The AI triage layer: one handler, not the brain
The daemon classifies inbound emails using Claude — is this a founder pitch, a portfolio update, an LP request, a vendor, a newsletter? Claude writes the classification into the database. A deterministic dispatcher reads it and routes to the right workflow.
The key thing I got wrong early: I had Claude deciding which workflow to fire. That was bad in all the ways you'd expect. Non-deterministic, slow, expensive, impossible to debug.
The fix was simple: demote the LLM to one specific job. Classification of messy free text — that's a job for Claude. Routing based on a known label — that's a job for code.
Use the LLM where the input is fuzzy. Use code where the logic is clear. Mixing them gives you a system you can't reason about.
The three things that broke and taught me the most
1. Silent stuck events
When a workflow failed, it would log the error and move on. The next event for the same entity would also fail silently. After a week I noticed a deal that was supposed to be at "post-call" was still at "call scheduled" — the workflow had been failing every time because of a transient API error nobody caught.
More retries wouldn't have helped. They'd have hidden the problem longer. The fix was a health check script: "which events are in a state where a workflow should have run but didn't?" If anything shows up, something is wrong.
Every long-running daemon needs this query. Without it, you only find out about failures when a human notices the absence of something — the worst possible monitoring signal.
2. The freeze button
I shipped a workflow change on a Friday with a subtle bug. By Monday, a weekend's worth of events had run through buggy code and written wrong data to twenty deals. Reverting the code didn't fix the data. The cleanup took half a day.
I added two scripts: freeze and unfreeze. They flip one boolean in Postgres. Every workflow checks it first and exits early if it's set. Now if something looks wrong, I can stop everything in 5 seconds.
Not glamorous. Probably the most valuable 30 lines of code in the whole repo.
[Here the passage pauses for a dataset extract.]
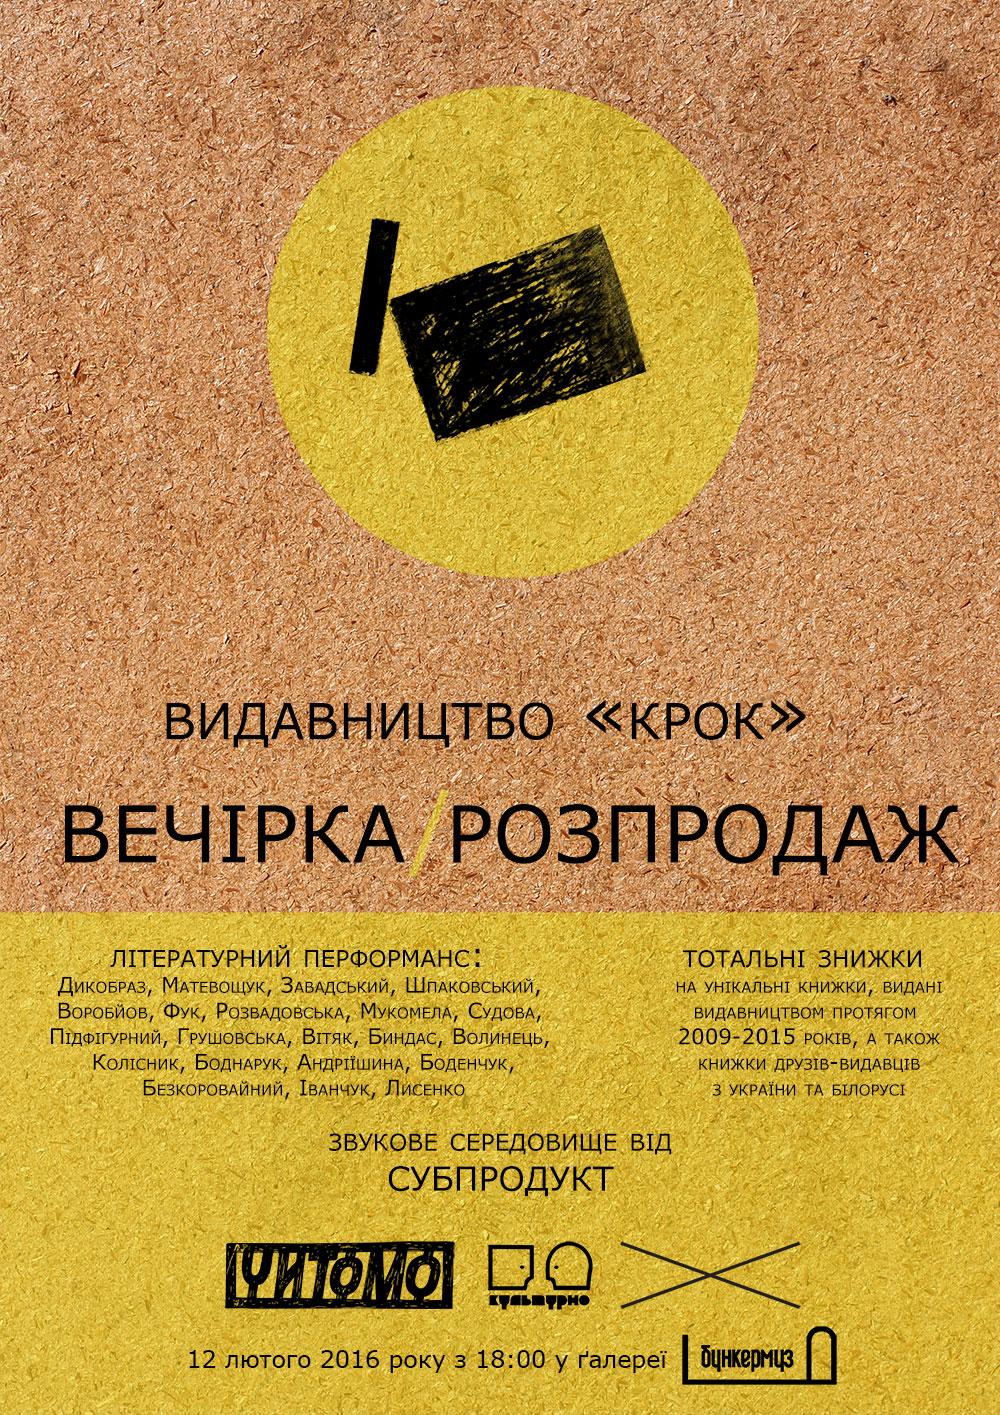 KROK_rozprodazh_12-02-16_web

3. The error log as a weekly ritual
I have a helper that any workflow can call when something goes wrong. It logs the error, the workflow name, the event ID, and a note to a workflow_errors table. Once a week I read through it.
The value isn't debugging individual failures — logs handle that. It's seeing patterns. Two months of rows told me which external API was flaky, which Attio attributes the team kept editing in incompatible ways, and which workflows had assumptions that no longer matched how we actually worked. None of that was visible from individual log lines.
What I'd do differently
- Pick a real database on day one. I started with JSON files. Two months later I was migrating to Postgres with a thousand events to backfill. The complexity of a database is much smaller than the complexity of not having one.
- Write the introspection scripts before you need them. The health check scripts I built during incidents are now the most-used tools in the repo. If I'd written them first, I'd have caught the stuck-events bug a month earlier.
- Split workflows from actions from the start. The cost on day one is zero. The cost after the fact is a refactor.
- Don't run production on a personal cloud account. The daemon lived on my Railway account for months. Same architecture, but it should have been on a firm-owned account with proper access controls from the beginning.
- Treat the LLM as a function, not a manager. One specific judgment per call. Let code do the orchestration.
Closing
The best thing about this kind of system is that it's invisible when it's working. Nobody notices that every call gets a recap automatically, that every inbound email hits the right pipeline state, that every sequence write-back happens in minutes. They just notice they're not chasing those things anymore.
That's the goal. Felt as the absence of friction.
If you're building something similar — at a fund, an agency, a small ops team — this is the architecture I'd start with. It's not glamorous. It stays in sync.